Give back all of the data exactly, with every picture omitted.

* Data extract *
────
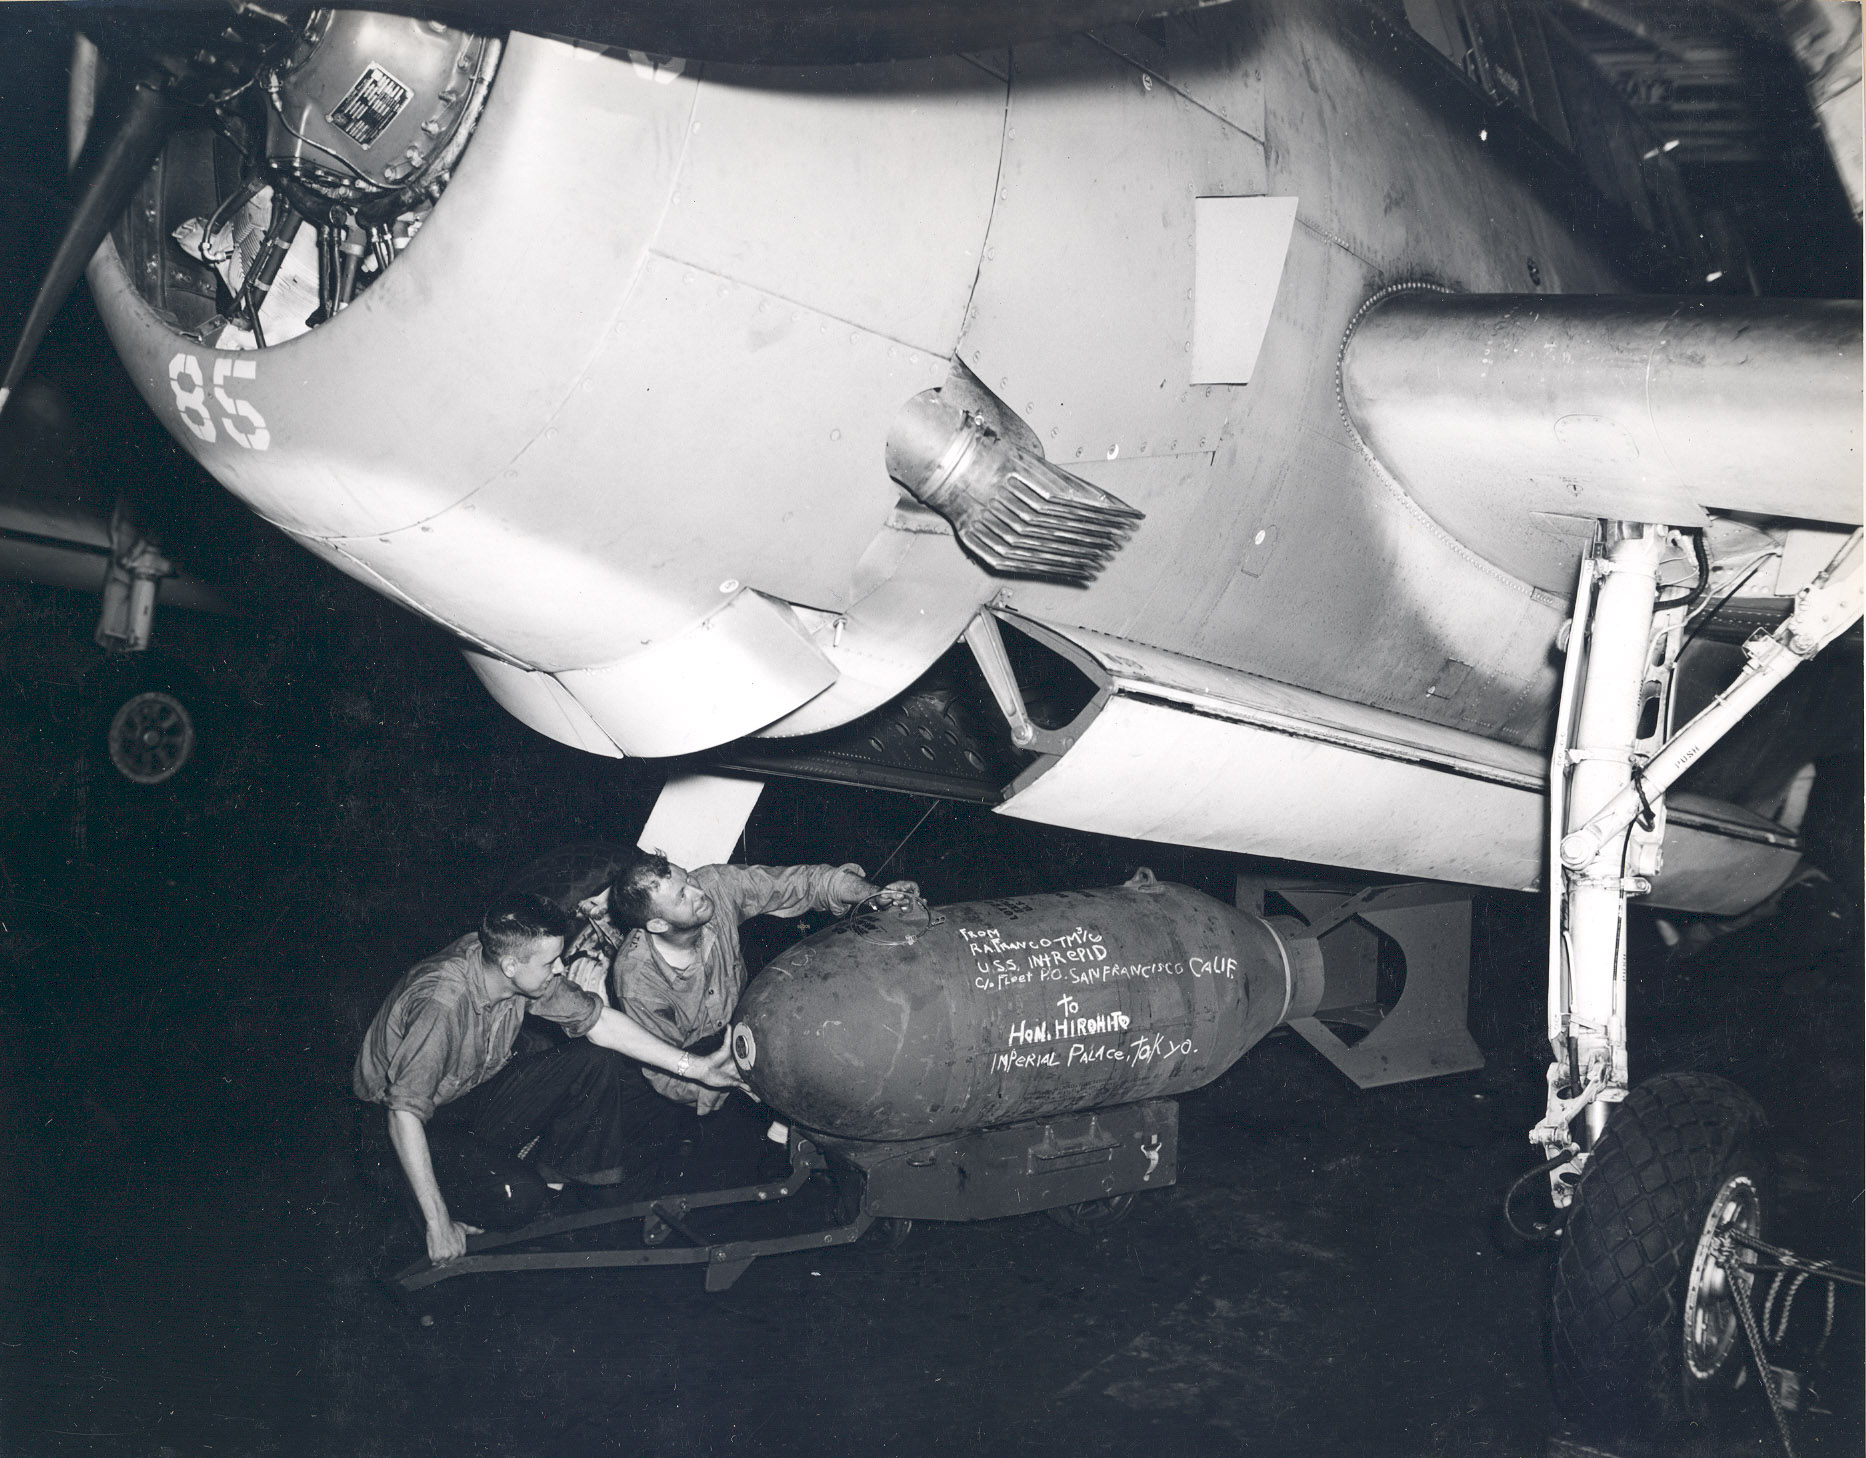 Ordinancemen loading a 1,000-pound bomb into the bombay of a TBM-1C aboard USS Intrepid, 1943-1945; note flame arrester on the plane’s exhaust port
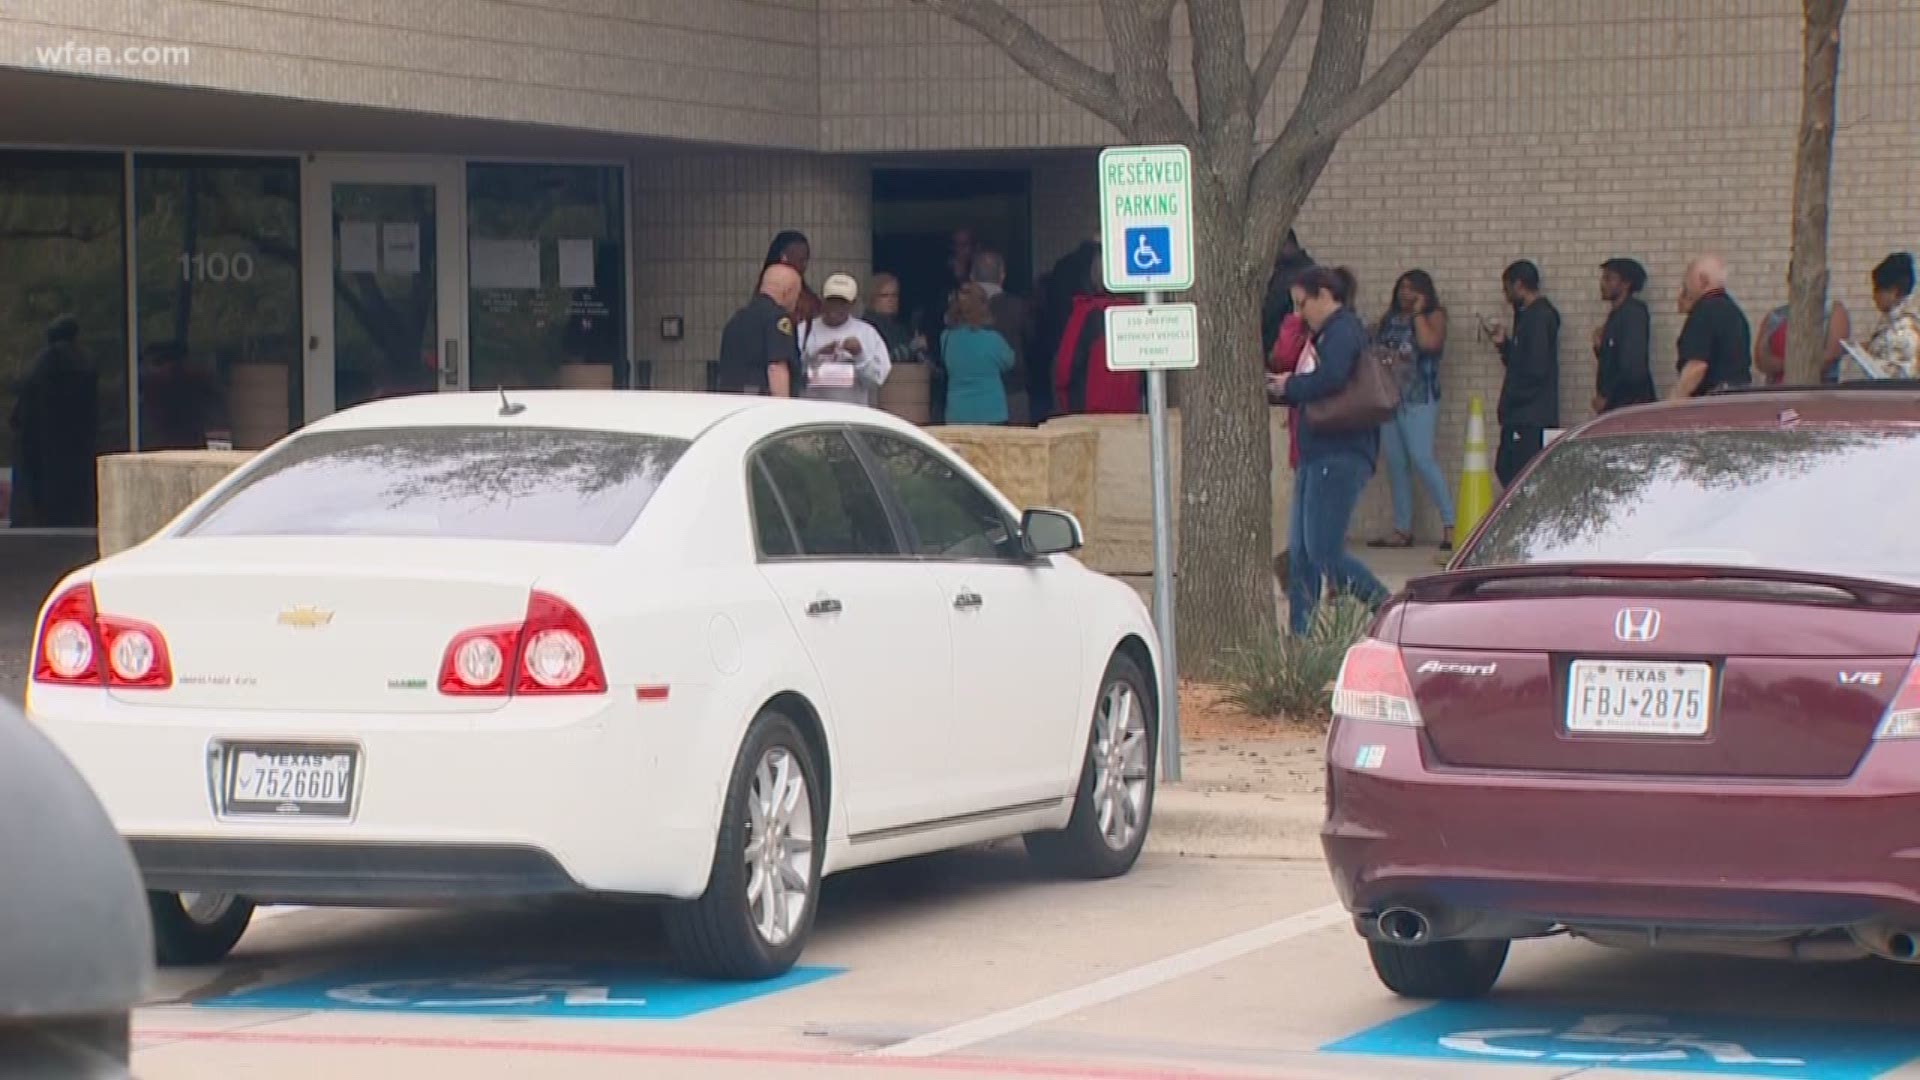 At some Tarrant County voting locations, people waited for hours to vote on Super Tuesday.
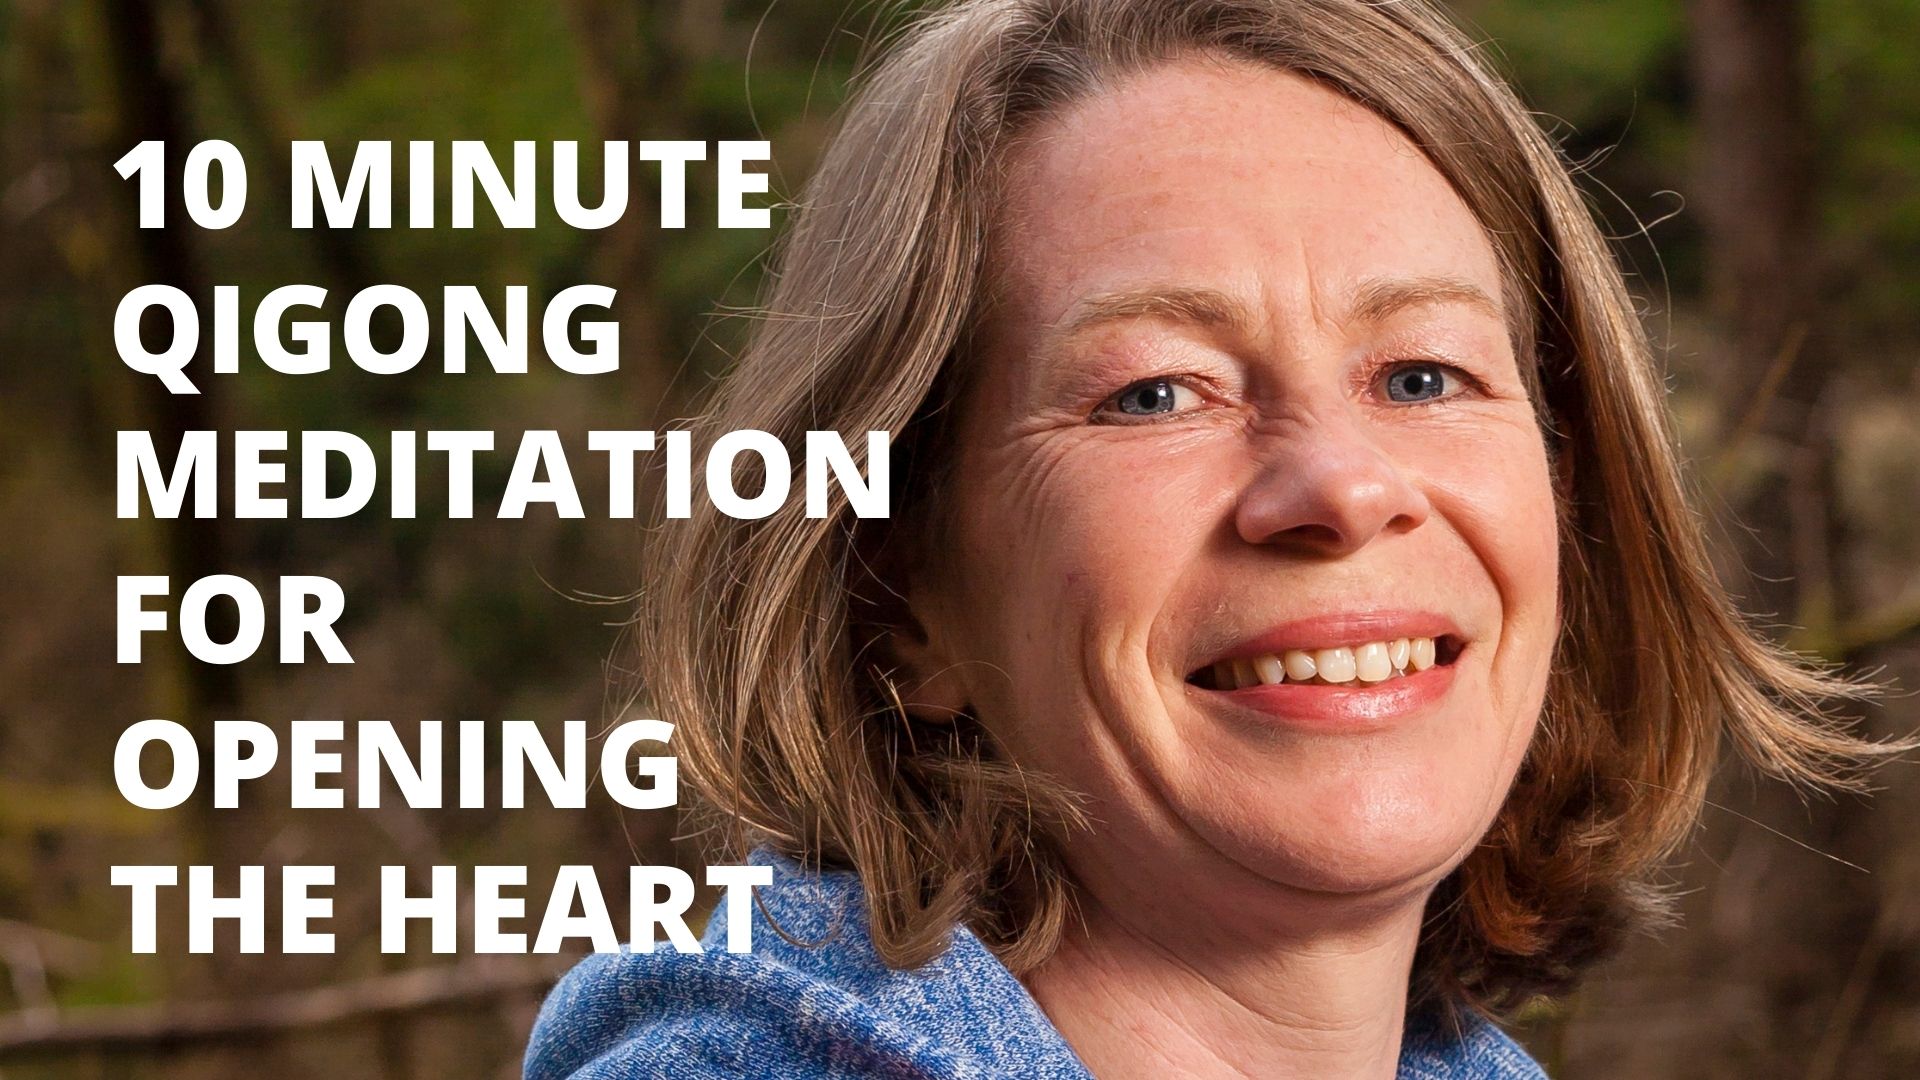 10_Minute_Qigong_Meditation_For_Opening_The_Heart
────
* Response below *
 Ordinancemen loading a 1,000-pound bomb into the bombay of a TBM-1C aboard USS Intrepid, 1943-1945; note flame arrester on the plane’s exhaust port
 At some Tarrant County voting locations, people waited for hours to vote on Super Tuesday.
 10_Minute_Qigong_Meditation_For_Opening_The_Heart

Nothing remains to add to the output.